Note that `name` is a first-class field, and `shape` / `dtype` are
first-class fields on `LazyDataNode` — none of these are in
`file_attributes`. The enricher side (`enricher_attributes`) starts
empty; the merged `attributes` ChainMap reflects only the file's
native keys until a `before_lock` hook (or other enricher) adds to
the enricher side.

---

## API

### H5pyLoader

| Method | Description |
|--------|-------------|
| `load(path, **options)` | Open HDF5 file, return `h5py.File` handle |
| `open(path, **options)` | Context manager — loads and auto-unloads |
| `populate(handle, tree, parent, *, before_lock=None, lazy=True, **options)` | Attach subtree, run hook, lock, return subtree root handle |
| `unload(handle)` | Close HDF5 file handle (idempotent) |
| `can_load(path)` | Check extension (`.h5`, `.hdf5`) |

### Helpers

| | Description |
|---|---|
| `get_loader_descriptor()` | Create `LoaderDescriptor` for registry |
| `H5pyValidator` | Check h5py availability |
| `H5pySetup` | No-op setup (h5py needs no config) |

---

## Lazy vs Eager Loading

`populate(..., lazy=True)` (default) attaches each dataset as a
`LazyDataNode` — its `data` is `None` until `.load()` is called, at
which point the closure reads `handle[path][:]`. Use lazy when:

- you want to browse the file's structure (names, shapes, dtypes,
  attributes) before deciding which arrays to materialise, or
- the file is too large to load entirely into memory.

`populate(..., lazy=False)` reads every dataset into a `DataNode` at
populate time.
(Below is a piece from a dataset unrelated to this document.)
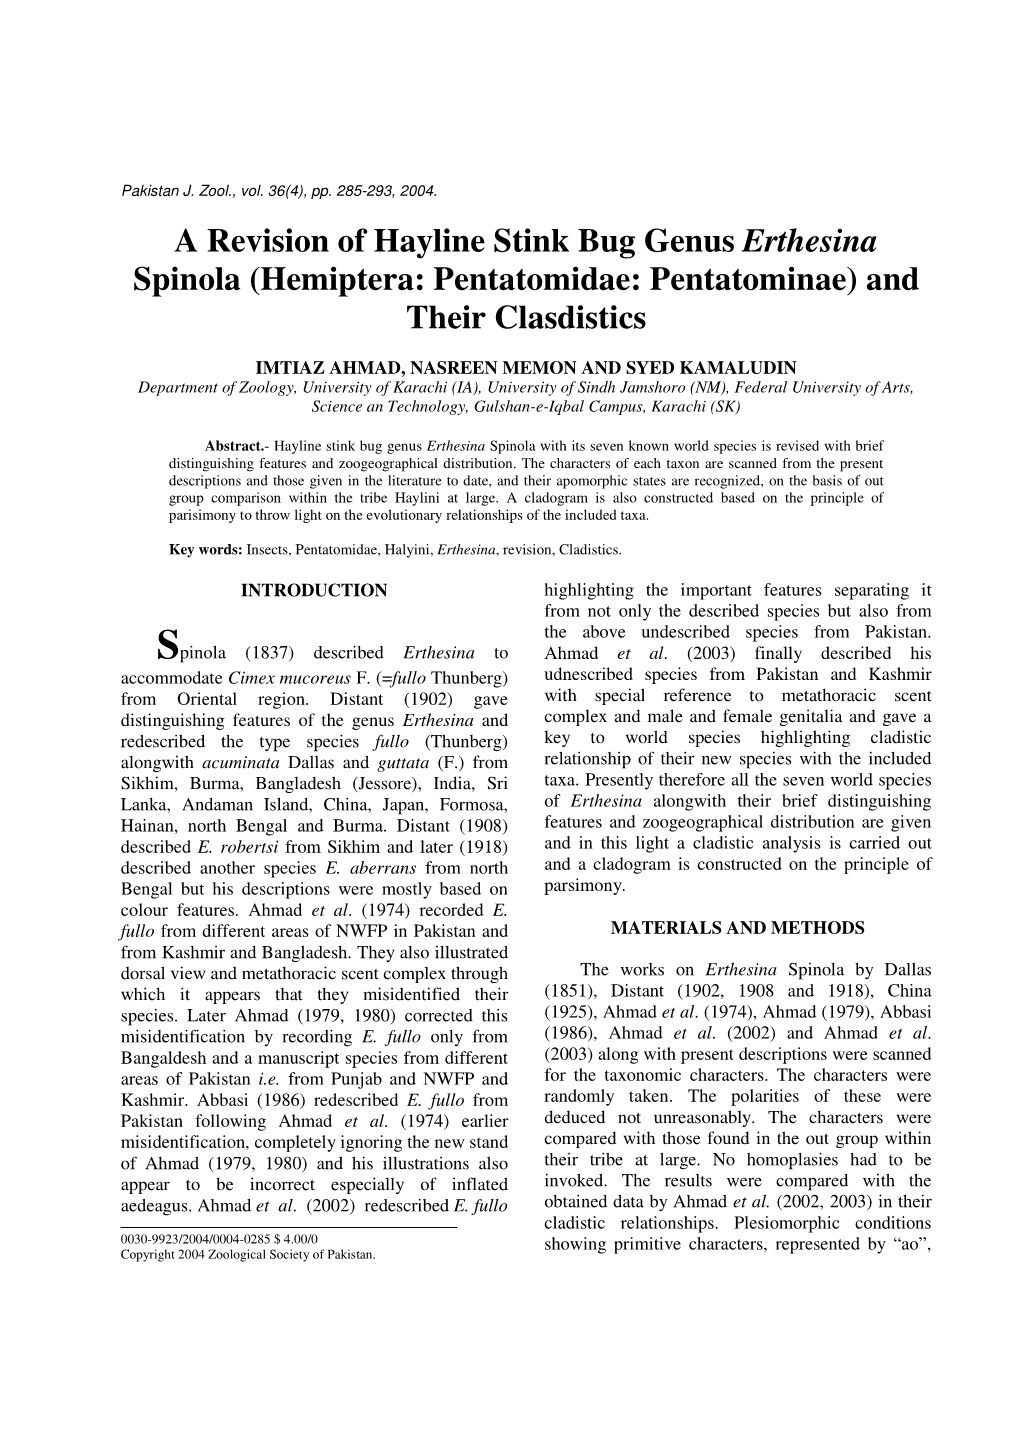 A Revision of Hayline Stink Bug Genus Erthesina Spinola (Hemiptera: Pentatomidae: Pentatominae) and Their Clasdistics

Use eager when:

- the file is small and you want everything loaded immediately, or
- you cannot guarantee the handle will stay open after `populate`
  returns and you do not want to use `materialise_subtree`.

### Handle lifetime contract with lazy nodes

Each `LazyDataNode` produced by `populate(..., lazy=True)` holds a
closure over `handle`. Once `loader.unload(handle)` runs, those
closures cannot fulfil further `.load()` calls. Three patterns avoid
the problem:

1. **Keep the handle open** for the lifetime of the tree.
2. **Materialise then unload:**
   `populate(handle, tree, p); materialise_subtree(tree, root); unload(handle)`.
   After this, every lazy node is loaded, and the tree is fully
   usable without the handle.
3. **Use eager mode:** `populate(..., lazy=False)`.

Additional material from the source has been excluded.